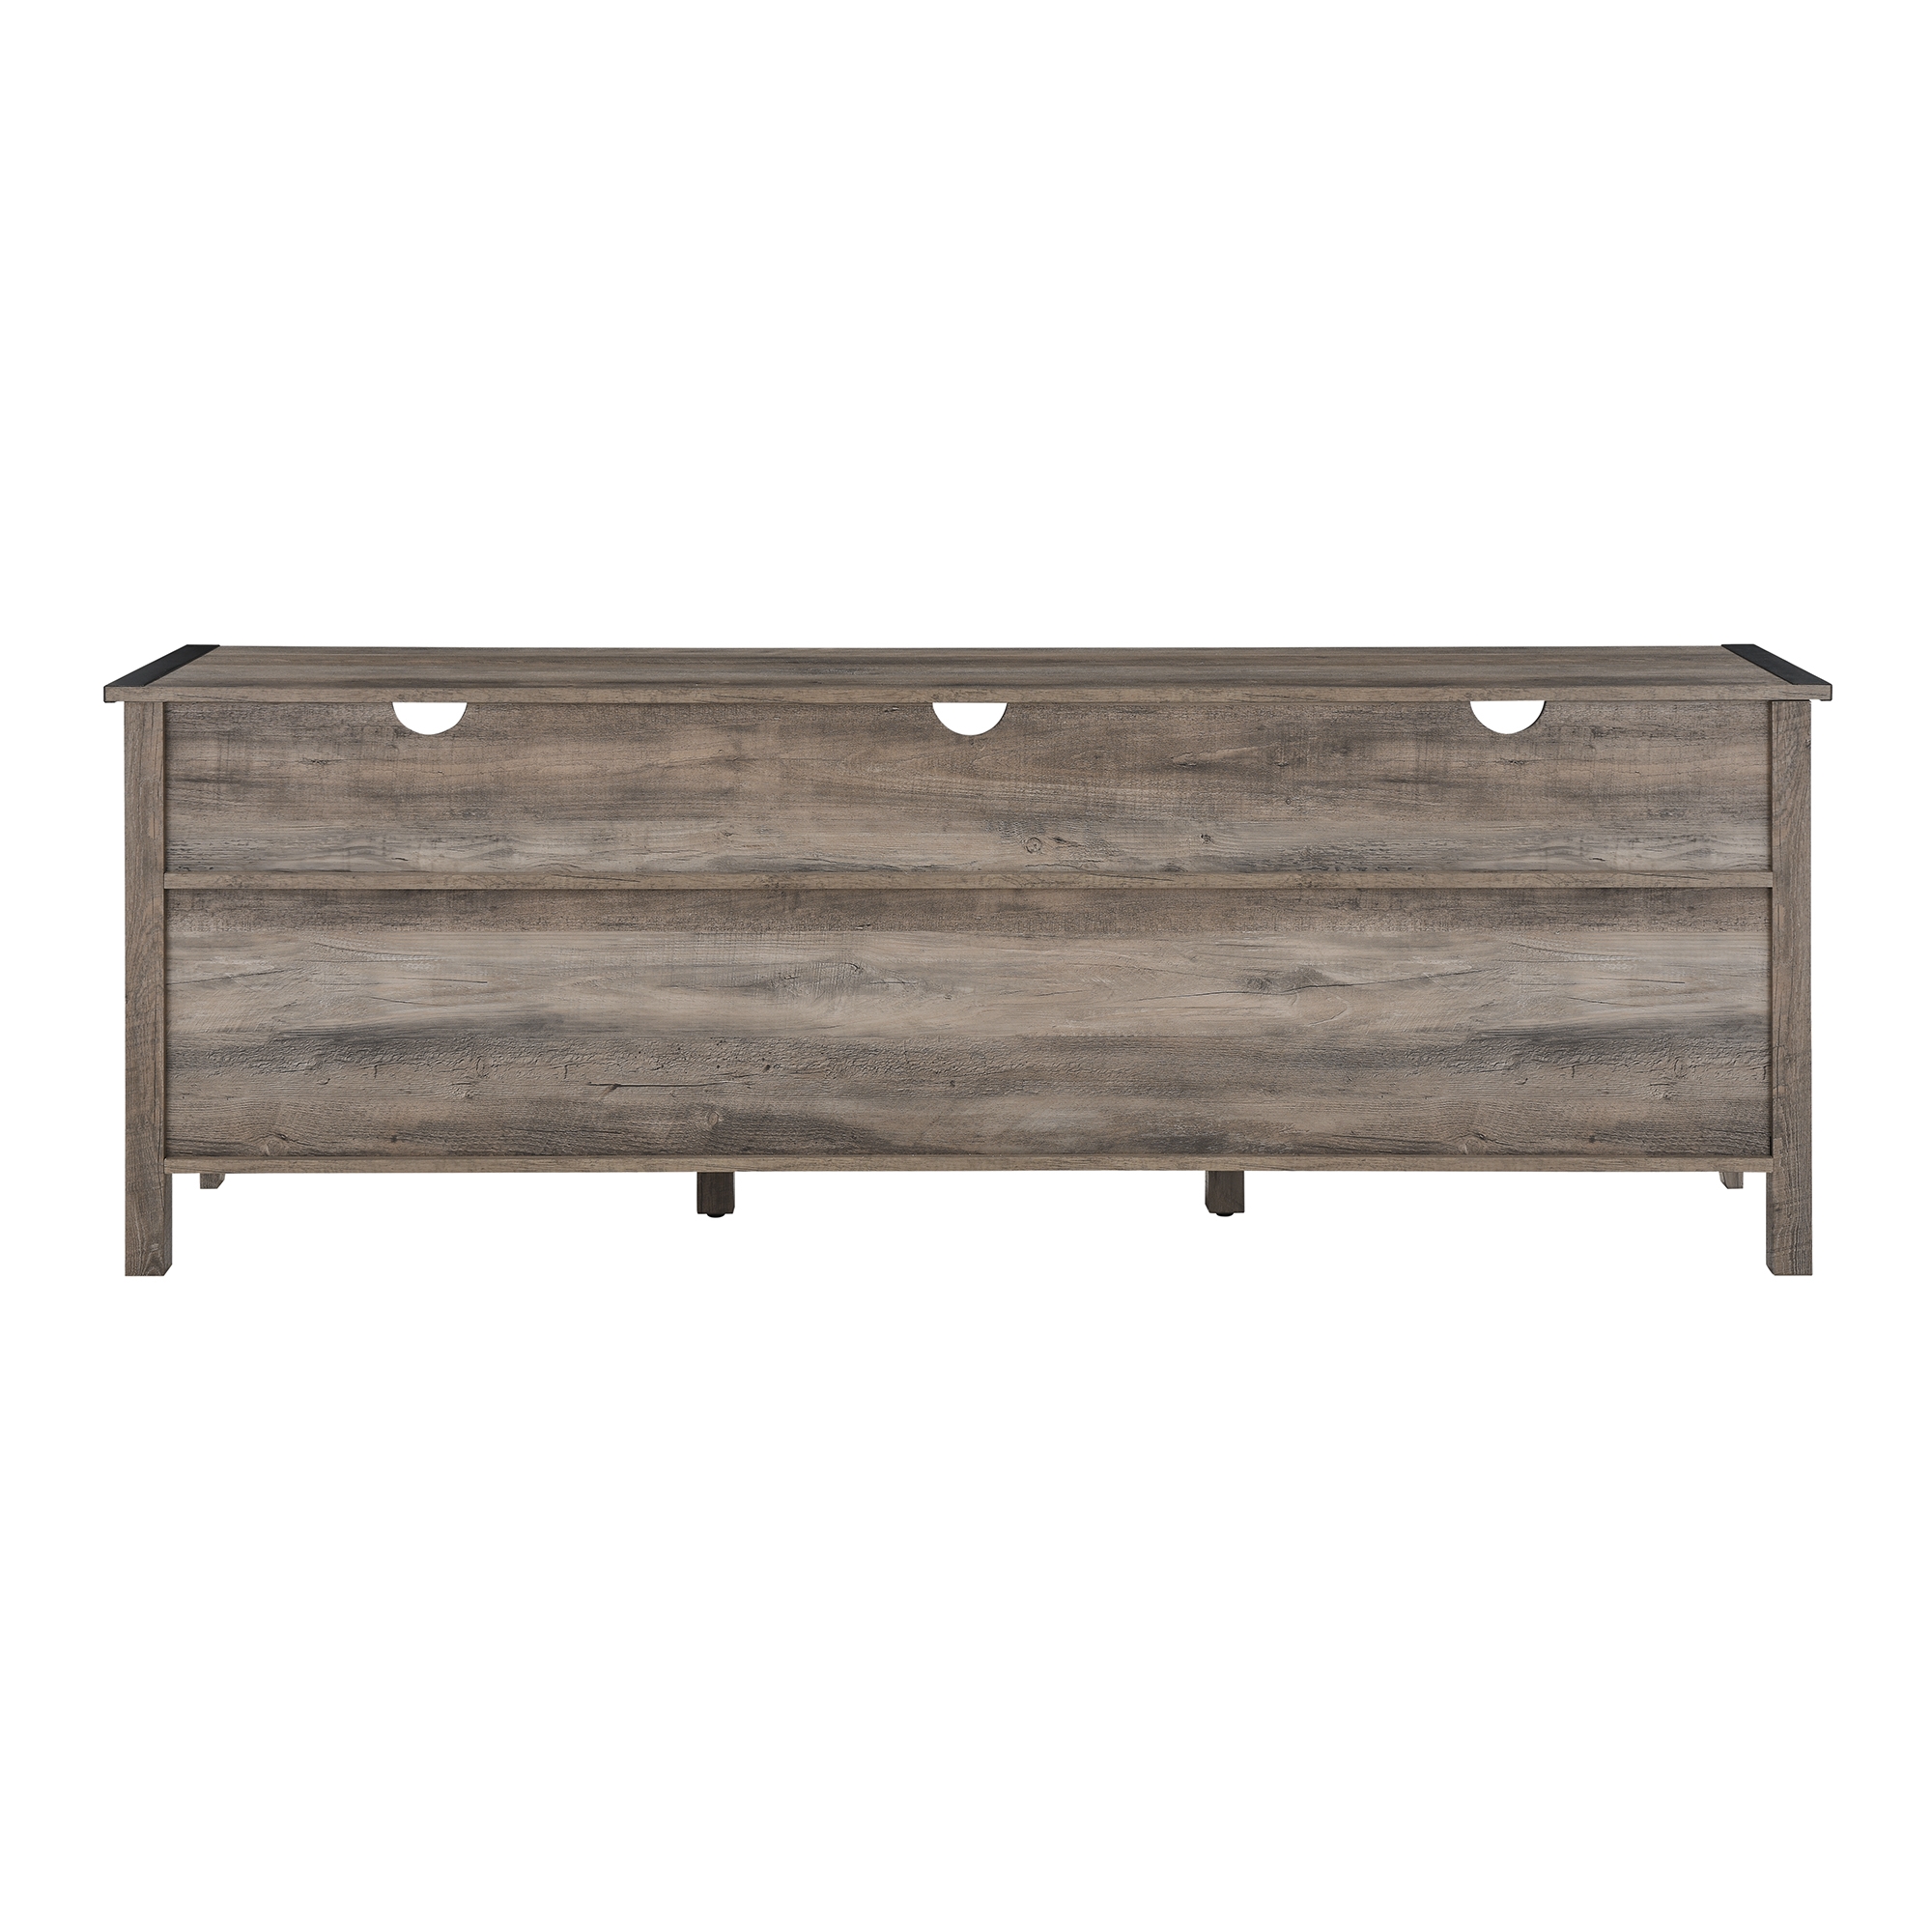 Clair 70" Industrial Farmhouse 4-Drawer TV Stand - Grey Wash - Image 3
━━━━━━━━━━━━━━━━━━━━━━━━━━━━━━
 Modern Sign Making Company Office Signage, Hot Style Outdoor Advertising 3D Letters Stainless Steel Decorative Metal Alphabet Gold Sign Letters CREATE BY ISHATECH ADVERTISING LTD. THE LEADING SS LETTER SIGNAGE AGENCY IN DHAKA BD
━━━━━━━━━━━━━━━━━━━━━━━━━━━━━━
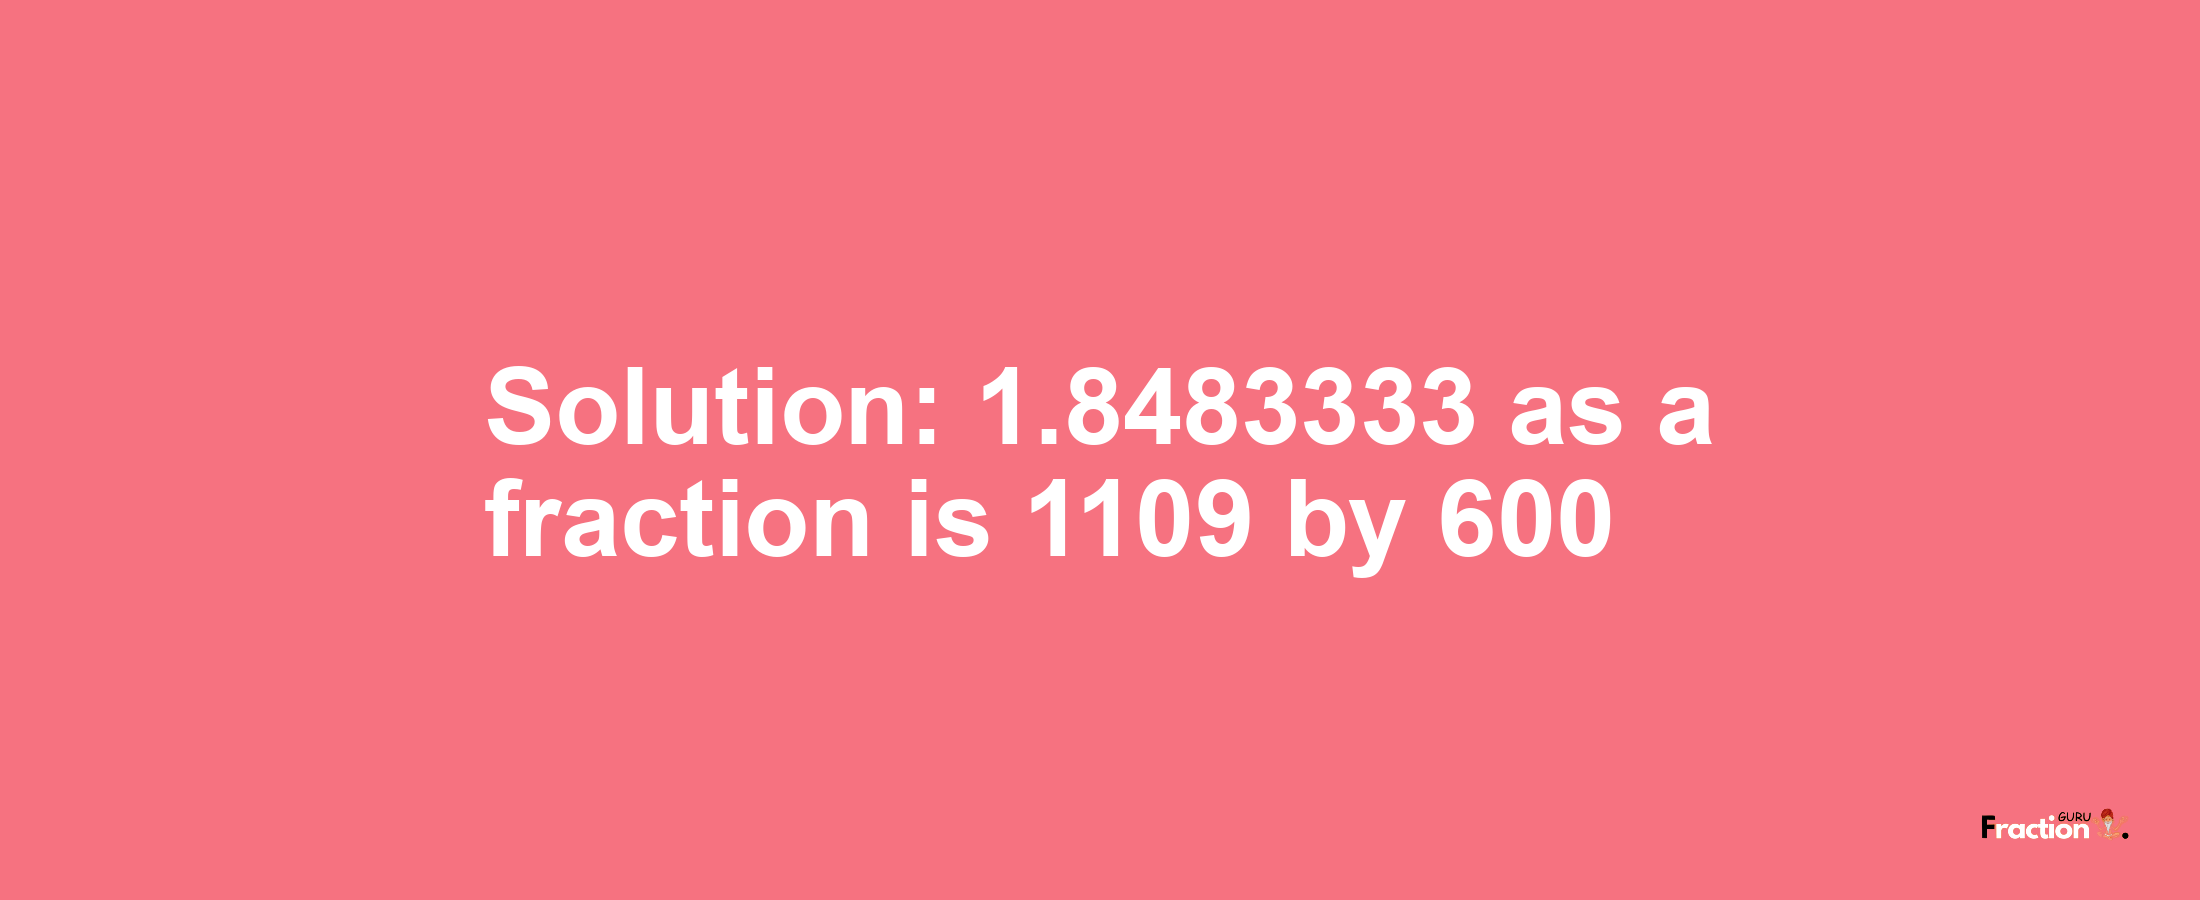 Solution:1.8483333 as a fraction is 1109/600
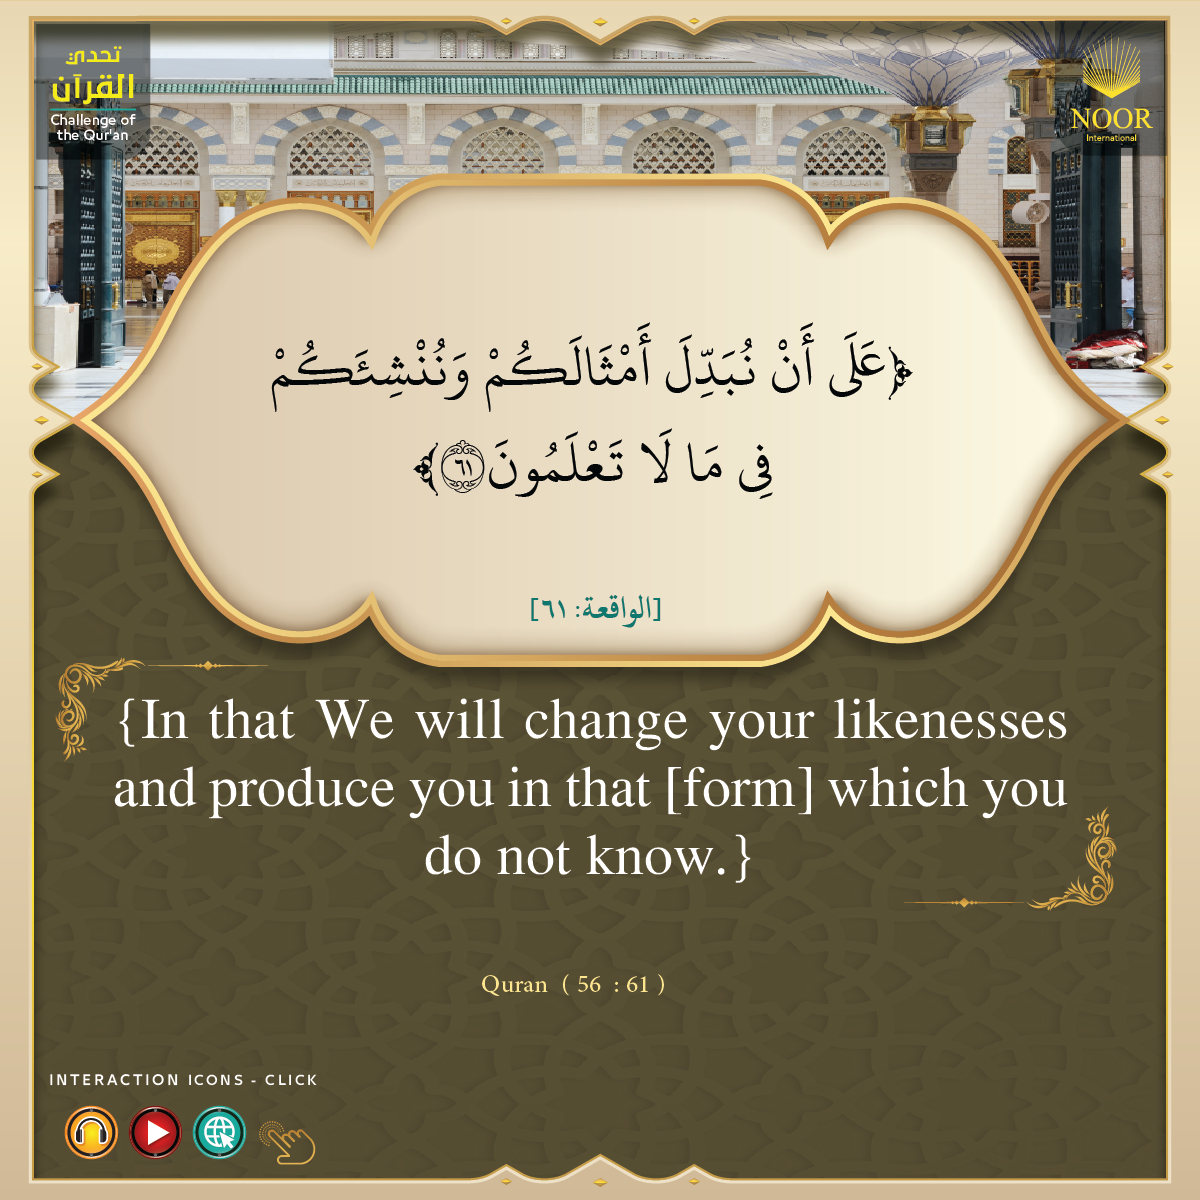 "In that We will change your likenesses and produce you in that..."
━━━━━━━━━━━━━━━━━━━━━━━━━━━━━━
What you should do:
Using the records above, repeat exactly the run of lines that starts with the line with "Solution:1.8483333 as a fraction is 1109/600" and goes on through the line with "that We will"; omit each picture.

Exercise response:
 Solution:1.8483333 as a fraction is 1109/600
 "In that We will change your likenesses and produce you in that..."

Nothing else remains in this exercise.